Segment Open

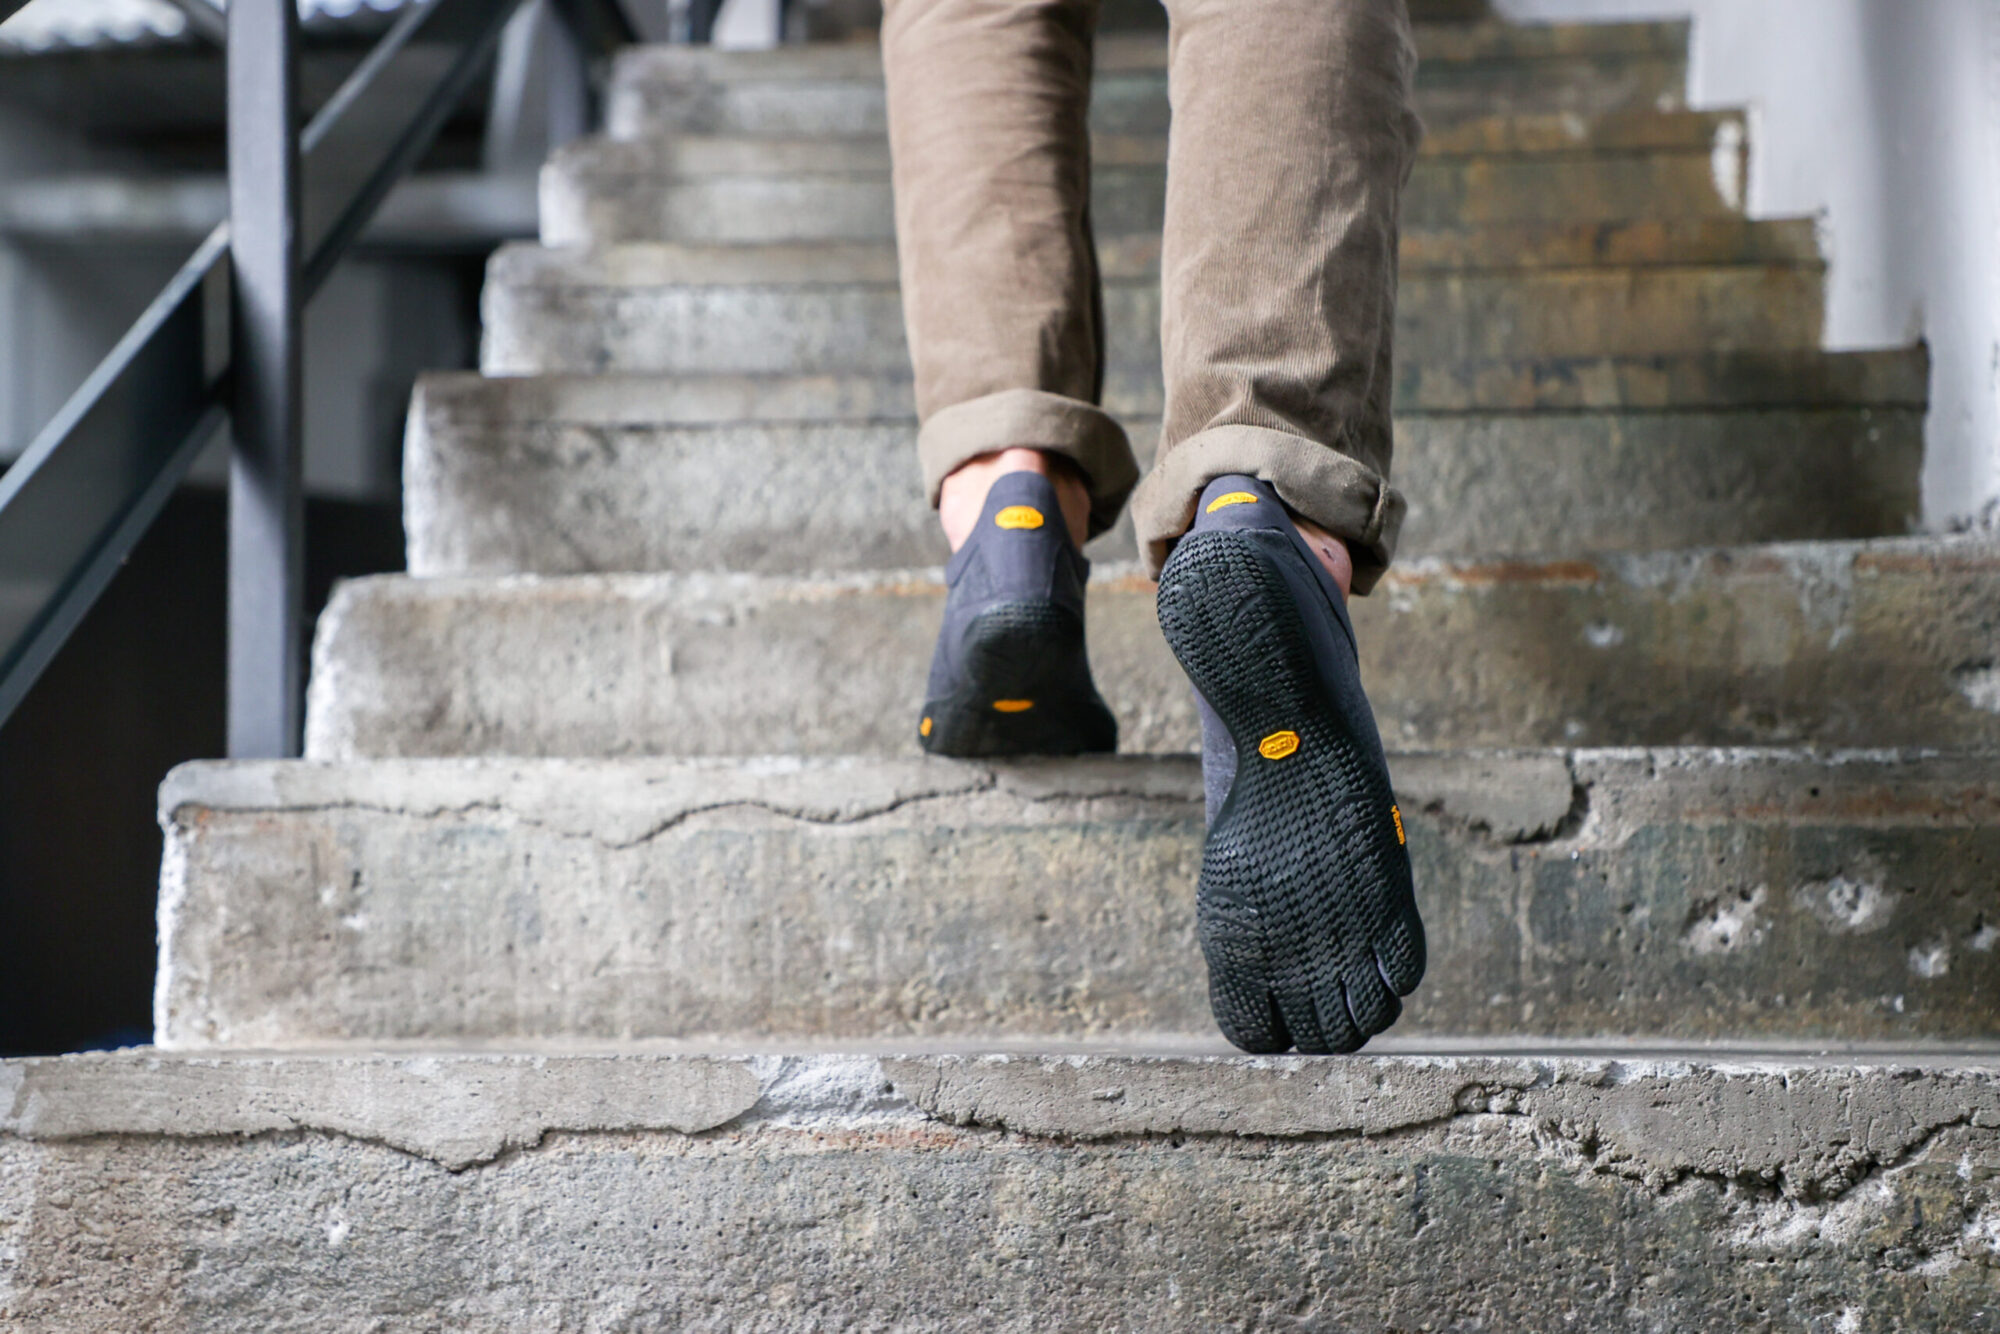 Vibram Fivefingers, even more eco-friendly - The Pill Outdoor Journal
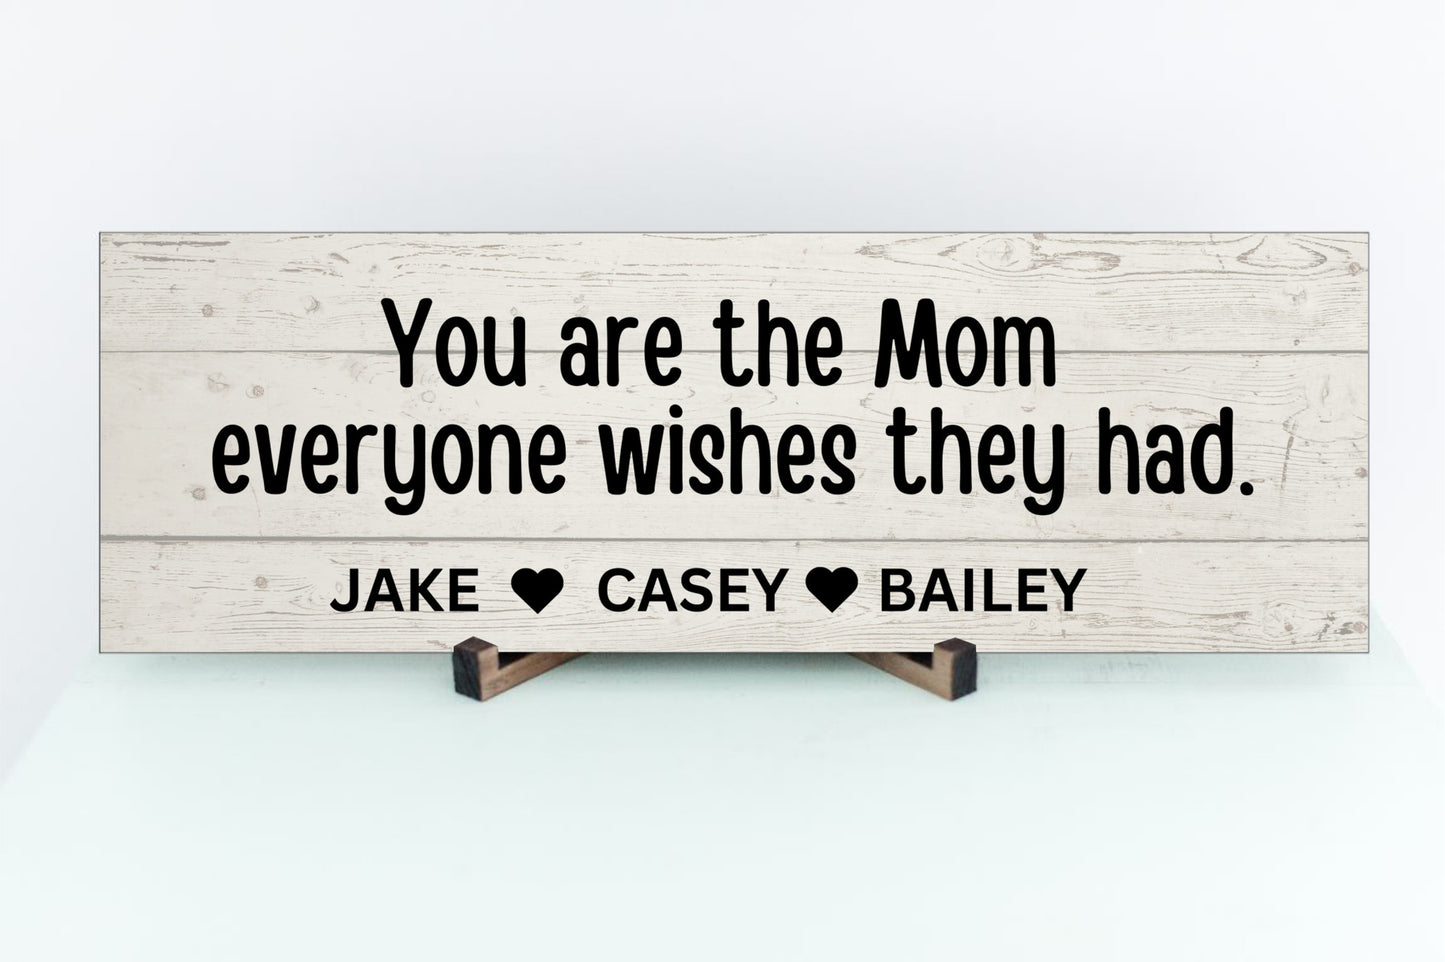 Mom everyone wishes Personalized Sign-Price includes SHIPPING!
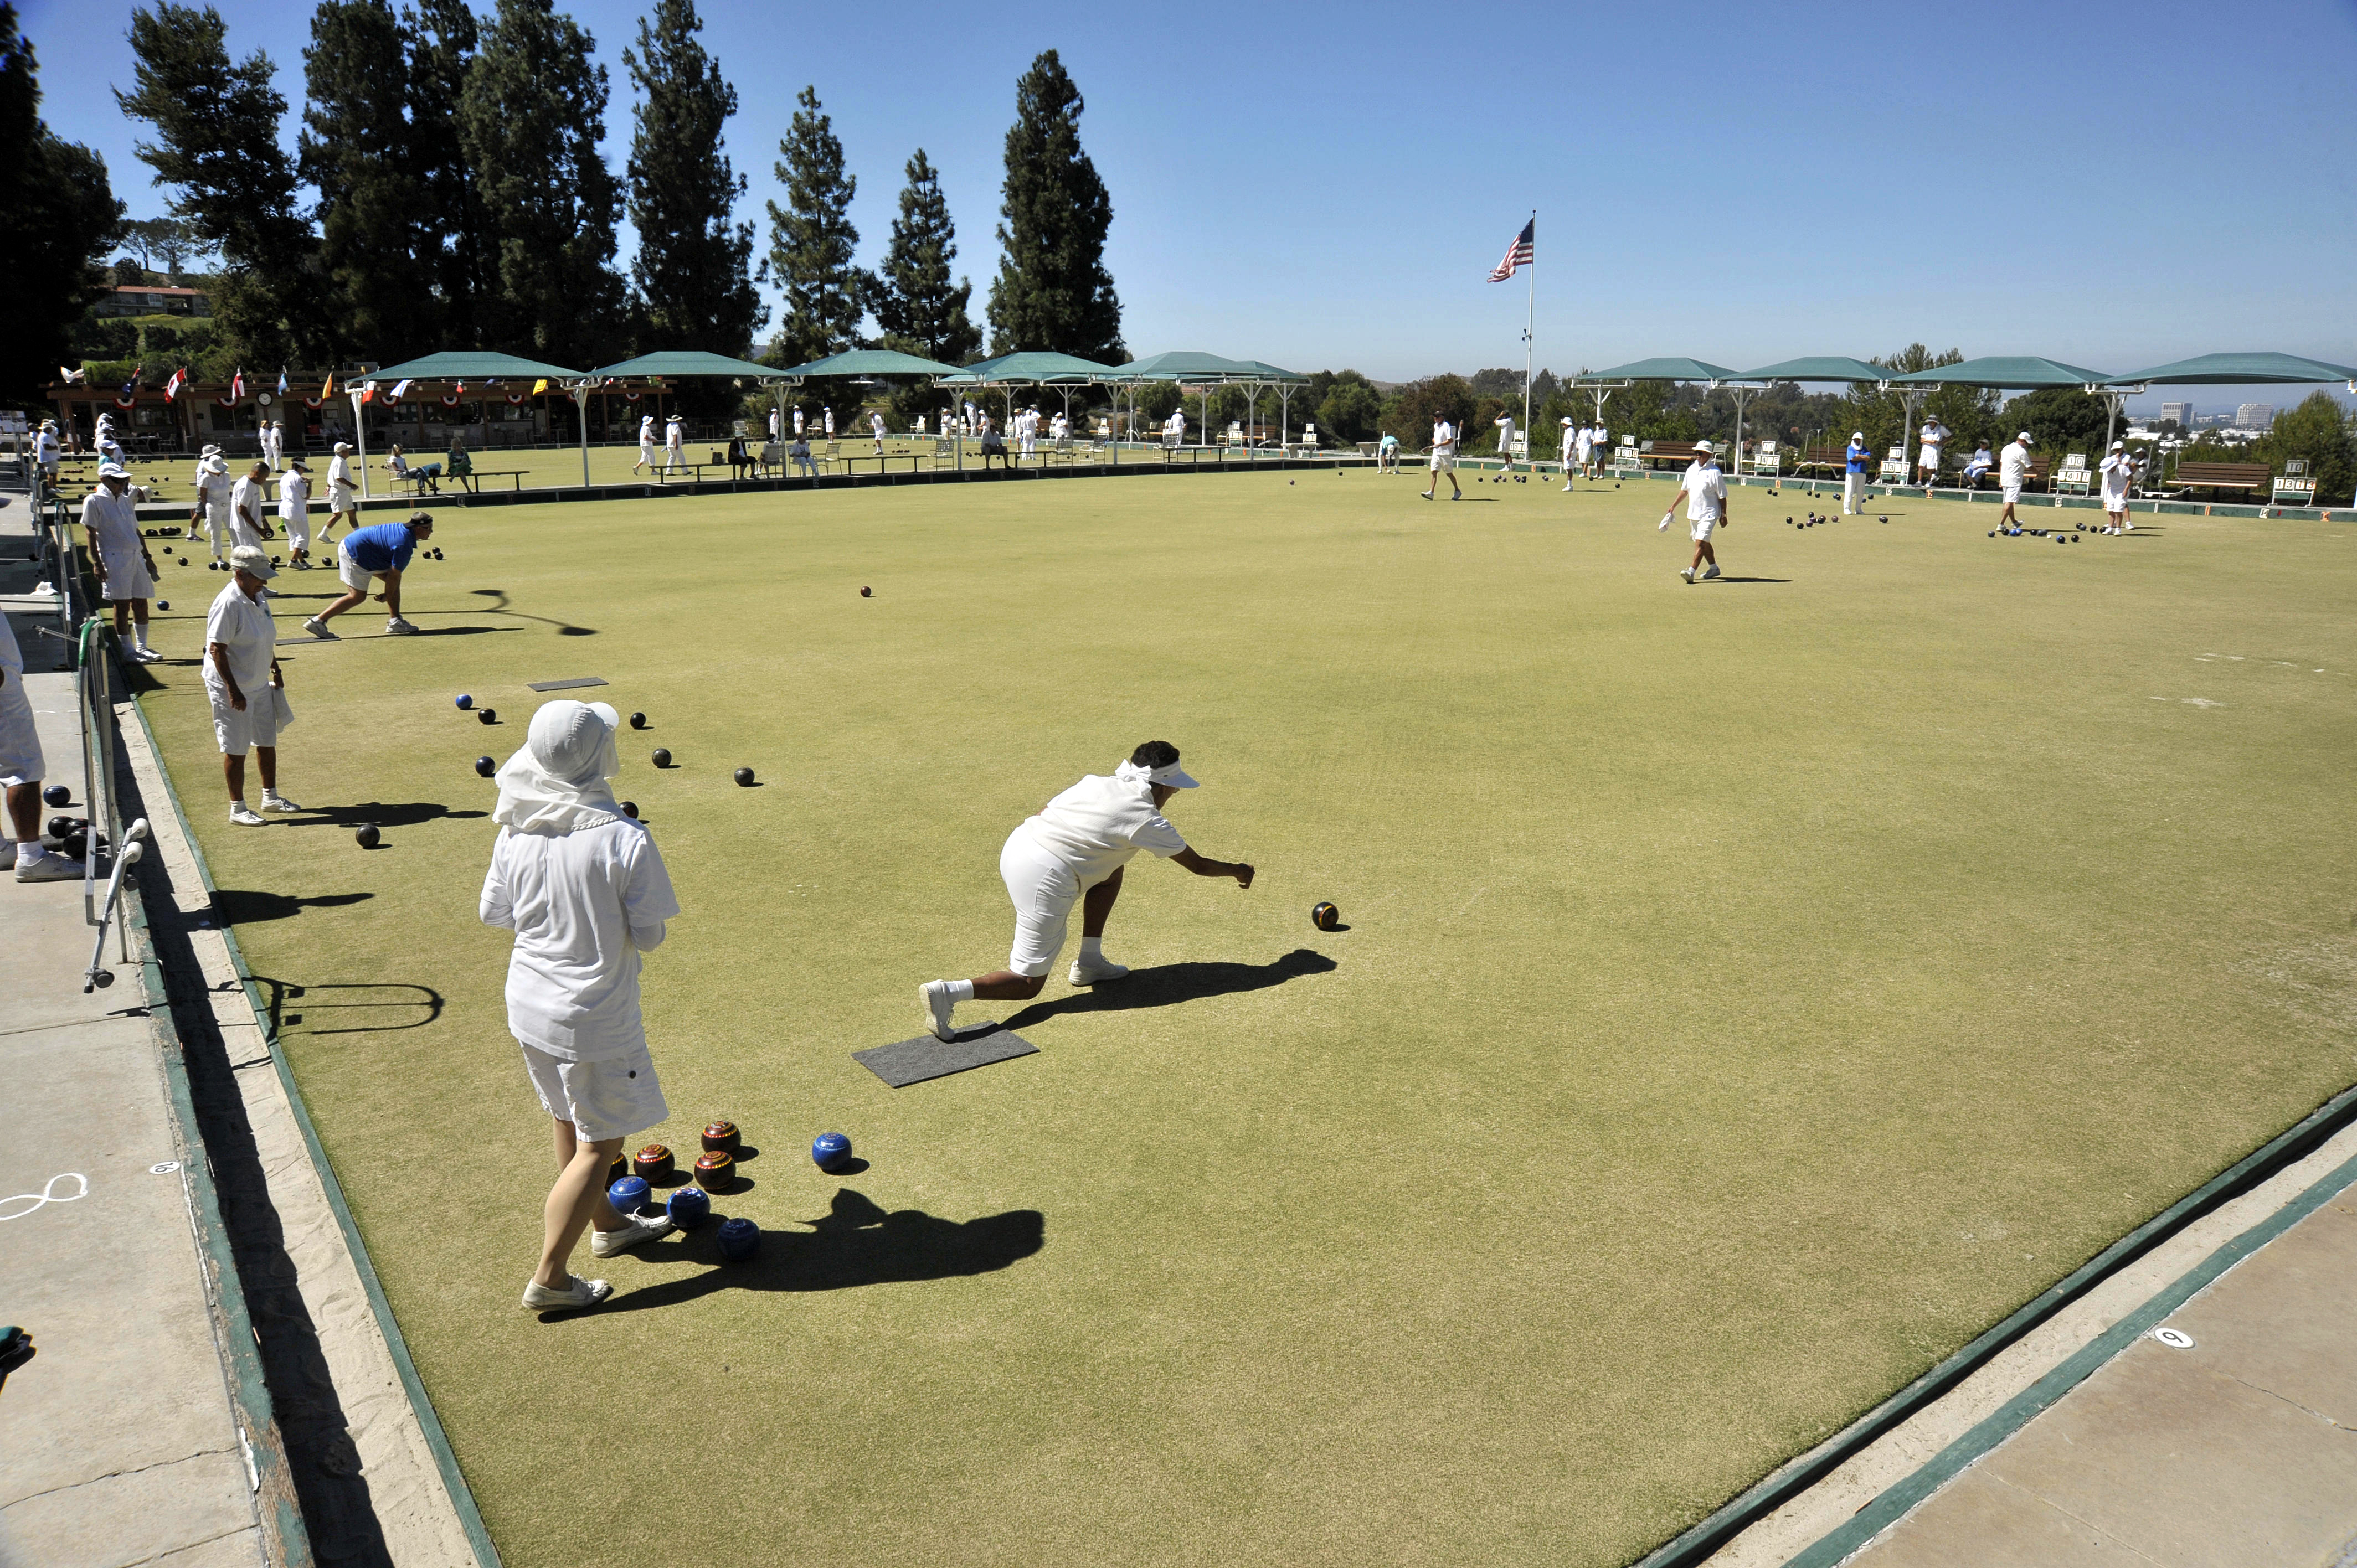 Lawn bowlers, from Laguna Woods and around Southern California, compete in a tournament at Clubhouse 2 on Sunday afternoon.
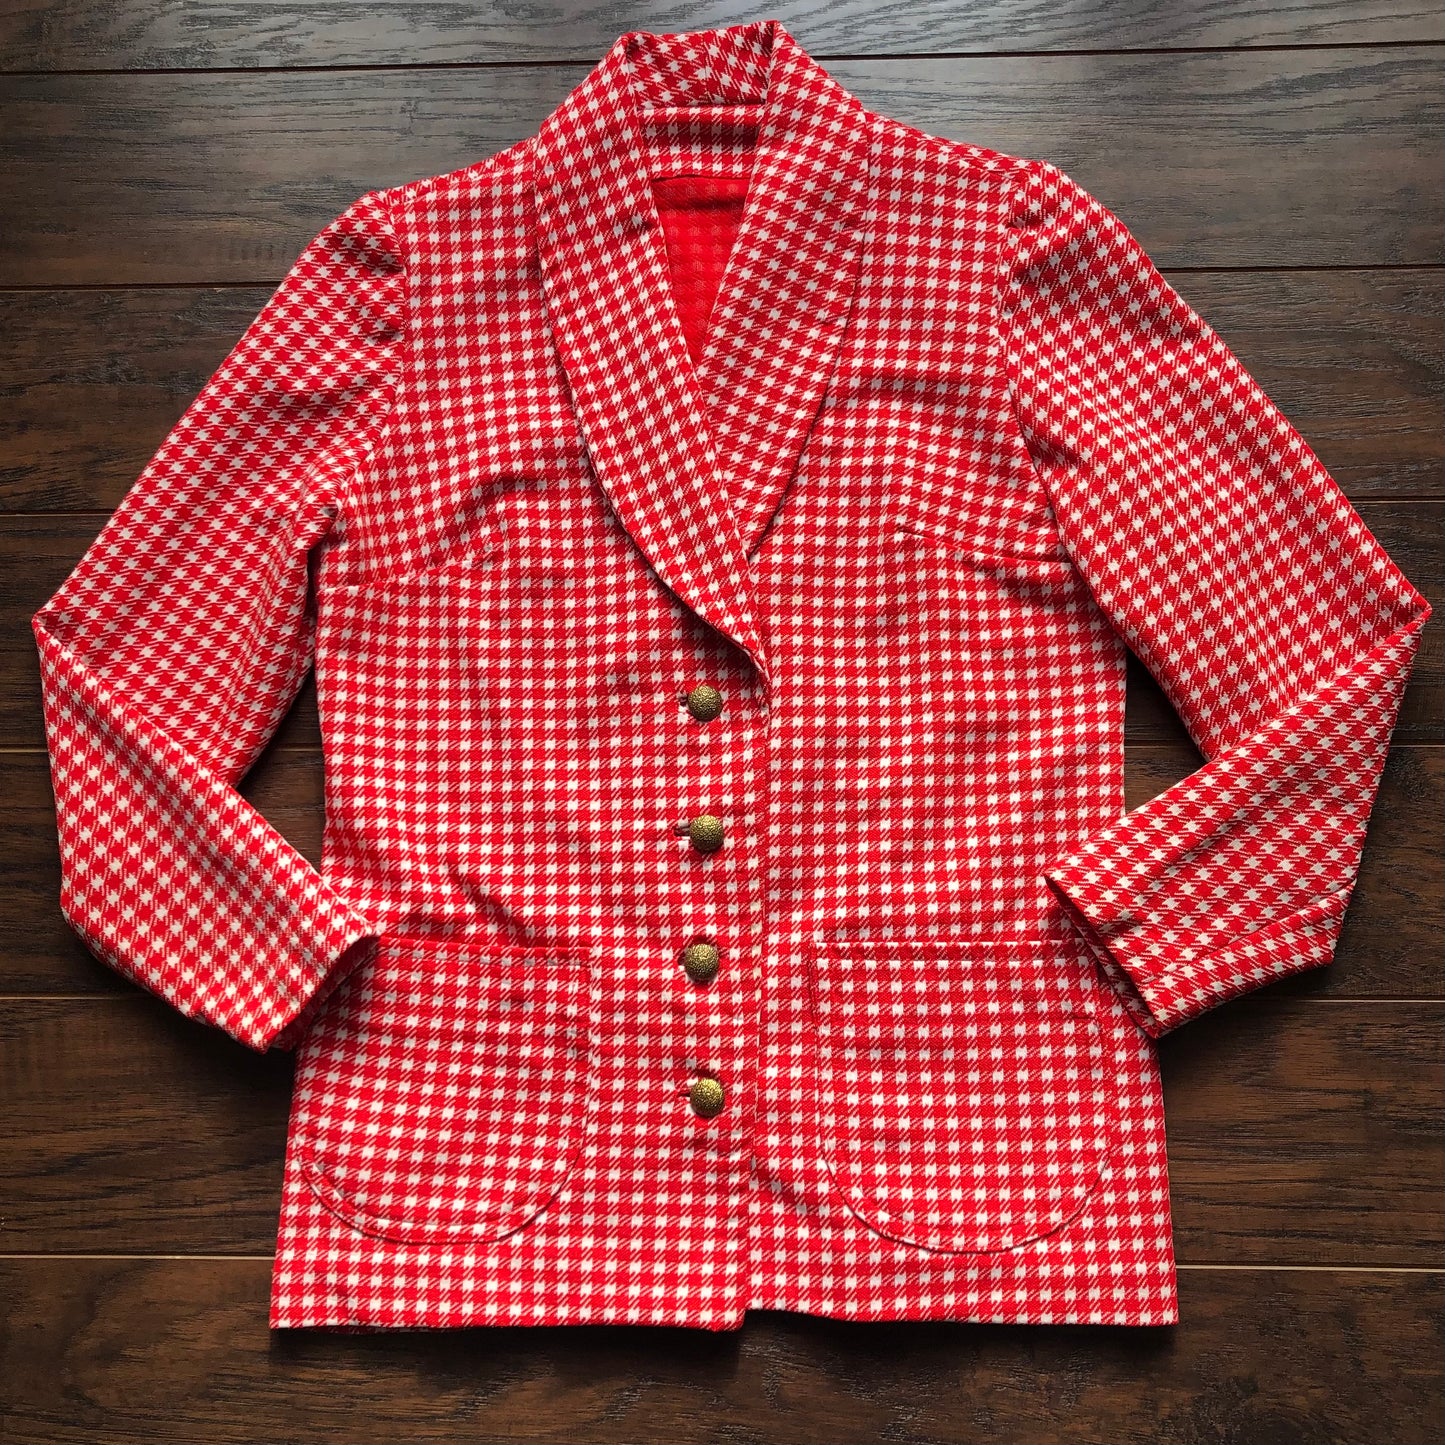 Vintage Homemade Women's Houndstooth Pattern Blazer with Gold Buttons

Segment Closed

# [DESCRIPTION OF THE TASK]
Word for word, return the material, omitting the pictures.

# [EXERCISE SOLUTION]
 Vibram Fivefingers, even more eco-friendly - The Pill Outdoor Journal
 Mom everyone wishes Personalized Sign-Price includes SHIPPING!
 Lawn bowlers, from Laguna Woods and around Southern California, compete in a tournament at Clubhouse 2 on Sunday afternoon.
 Vintage Homemade Women's Houndstooth Pattern Blazer with Gold Buttons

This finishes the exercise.